Saturday, August 18, 2012

South Africa Police Borrow Action Movies’ Shooting Scripts


And they perfectly replicated lessons borrowed...

However, in retrospect what has just happened in South Africa should be one of the gruesome, heartless, ghastly occurrences to have hit the southern parts of Africa in the recent past.  

When the nation’s police corked their deadly guns, sprayed bullets into the hapless men and women demonstrating against poor pay for excruciating mining activities last Thursday, they opened another heartless chapter reminiscent of some horrible happenings in the past decades when dozens of protesters against the reigning pro-apartheid regime were mercilessly shot and none of the gun-holders taken to court.

Former President Nelson Mandela, the ageing global icon of peace, captures well in his book, Long Walk to Freedom, some of the bloody, dreadful occasions where protests against the white pro-apartheid regime, turned peaceful demonstrations to shooting fields where harmless protesters were shot at by police.  
The latest smacks of the past incidences as faithfully captured by the former President who won the battle against apartheid when he became the first head of state elected by the majority. 

Such dreadful use of guns is known only in the movies but it seems South African police were eager to showcase their pieces of knowledge on the acted shootings.  

The shooting now a big hit on the internet, where several gory videos showing the police spray bullets on onrushing miners, armed with blunt objects—spears and machetes—not only fans peoples’ hatred  towards police but also shows that the uniformed men and women in the so-called the most developed country in Africa are yet to control their trigger-happy fingers.  

The deadly incident that took place at a platinum mine in Marikana, north-east of the country, tops other recent disgusting acts from Africa that were well-captured and posted on the internet.
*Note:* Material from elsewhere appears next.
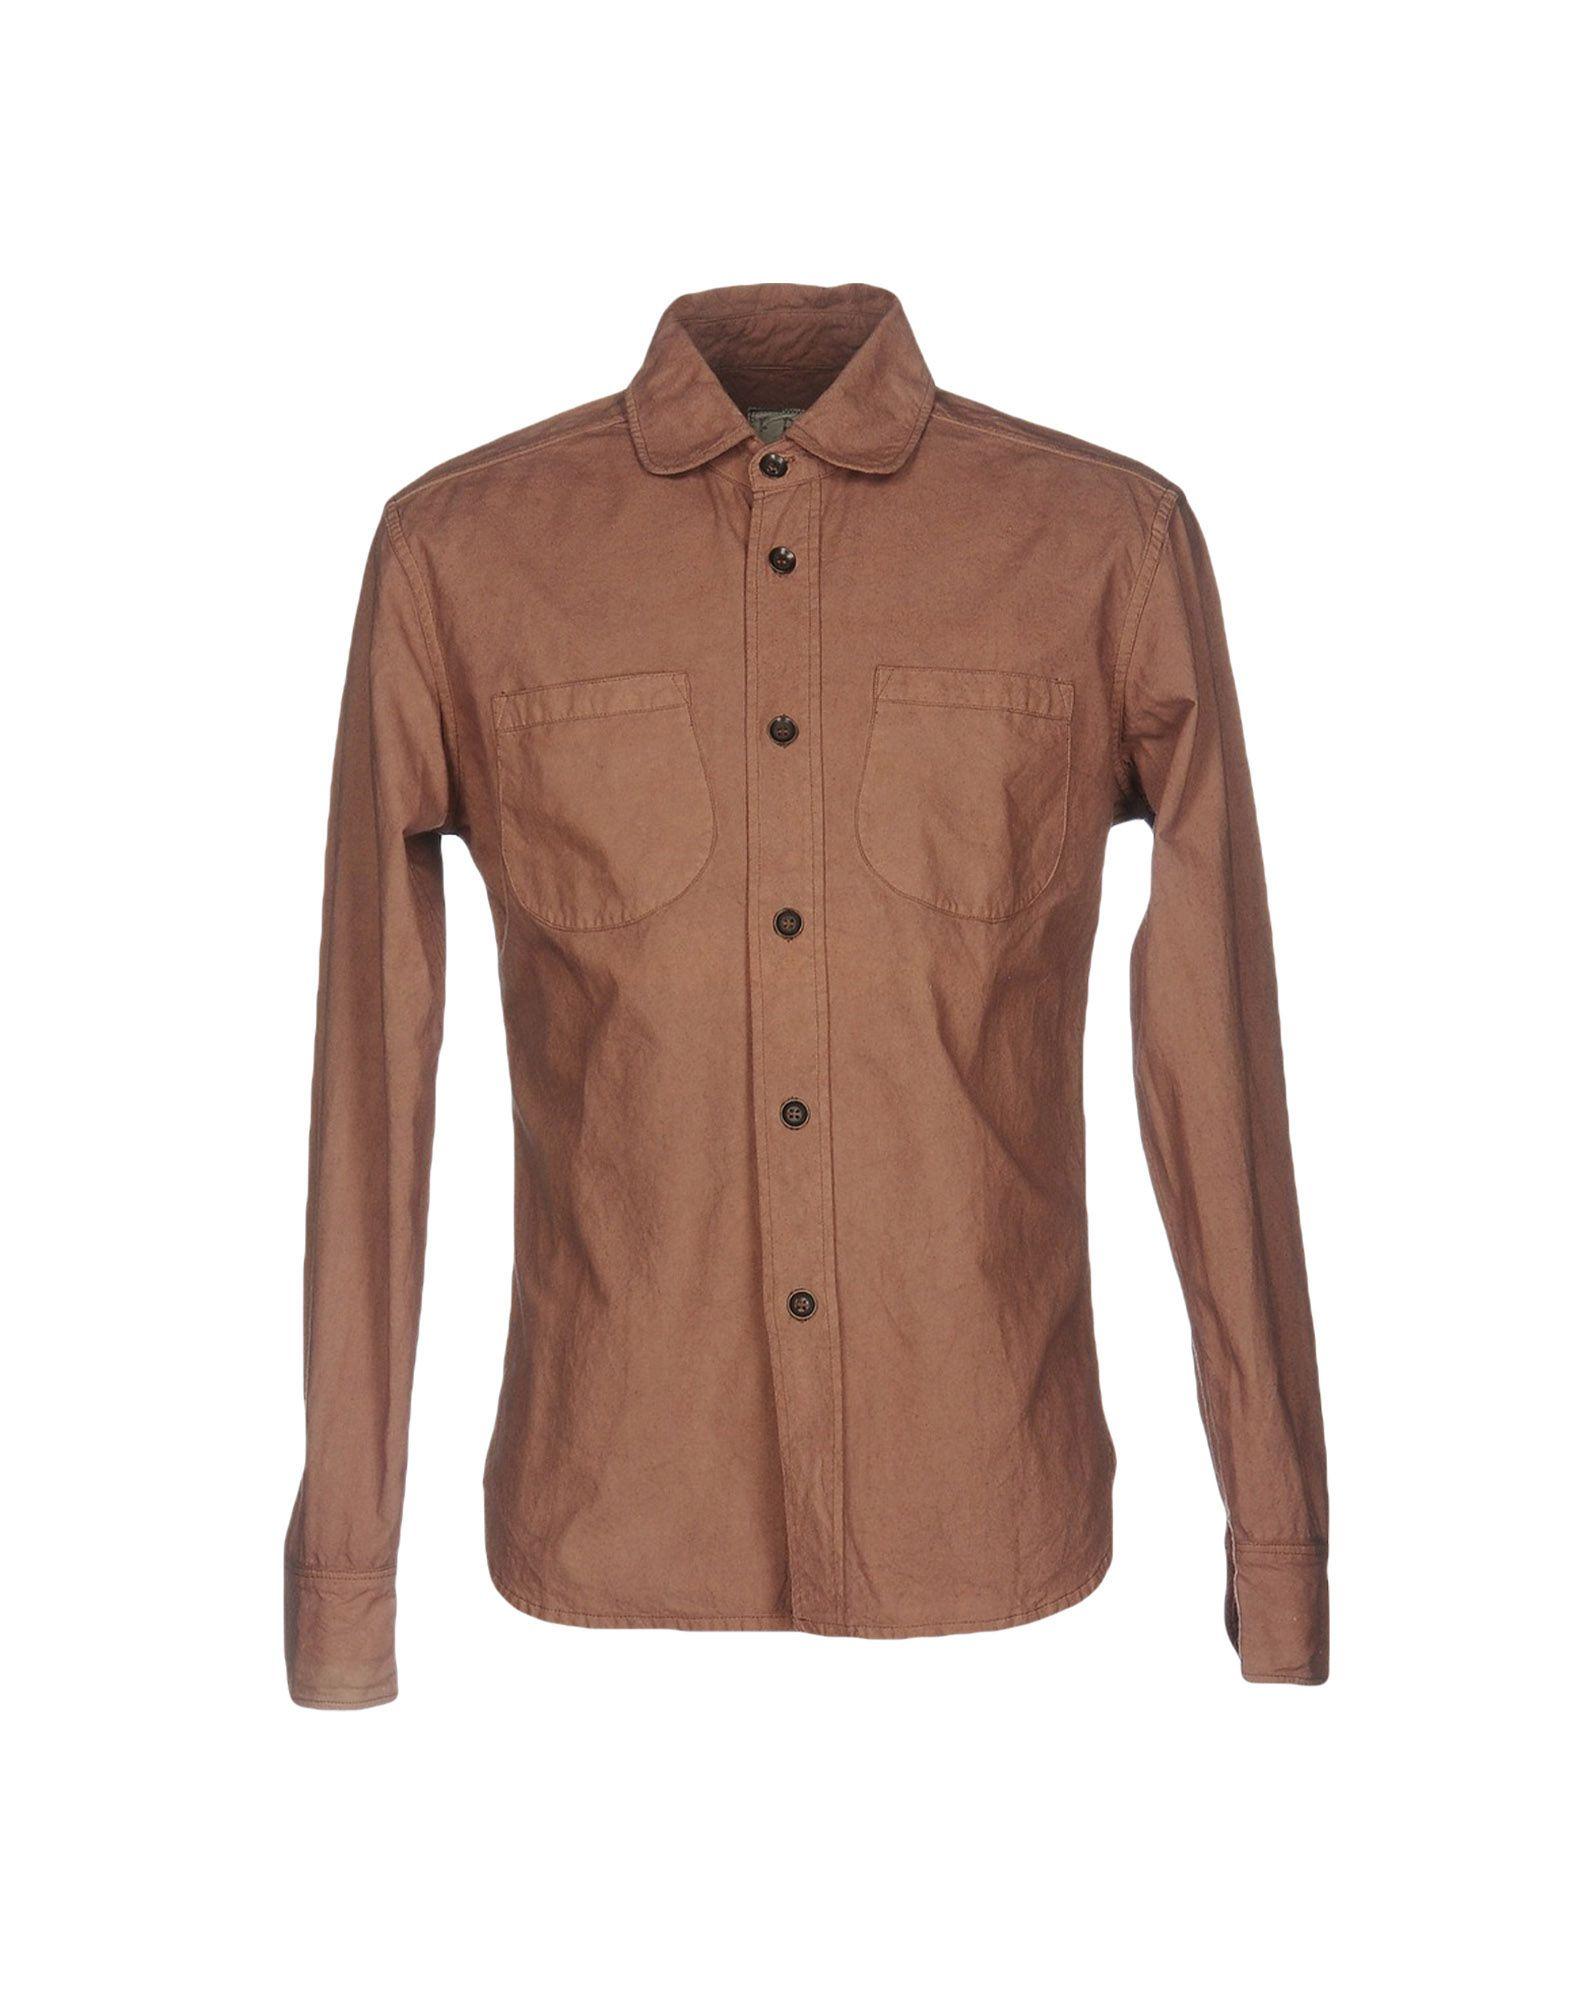 FBC FATBOY CLOTHING Shirts

The Zimbabwean security forces actions in 2008 when they attacked Morgan Tsvangirai supporters and killed some of them is among them.  Then came Libyan forces massacre of participants of an uprising against President Muammar Gadaffi. The Libyan security seems to have borrowed a leaf from their Egyptian counterparts who had earlier downloaded their whole weaponry on citizens against ageing Hosni Mubarak. Ugandan forces thought of copying the same script from continental colleagues but never really got the script well last year. 

Some may say Kenyan police were pacesetters in this trigger-happy race when in 2008 in the heat of the post-election violence planted bullets in demonstrators. Well, it could be. But it seems they arrived at their pacesetting endpoint. Now South African police has taken over.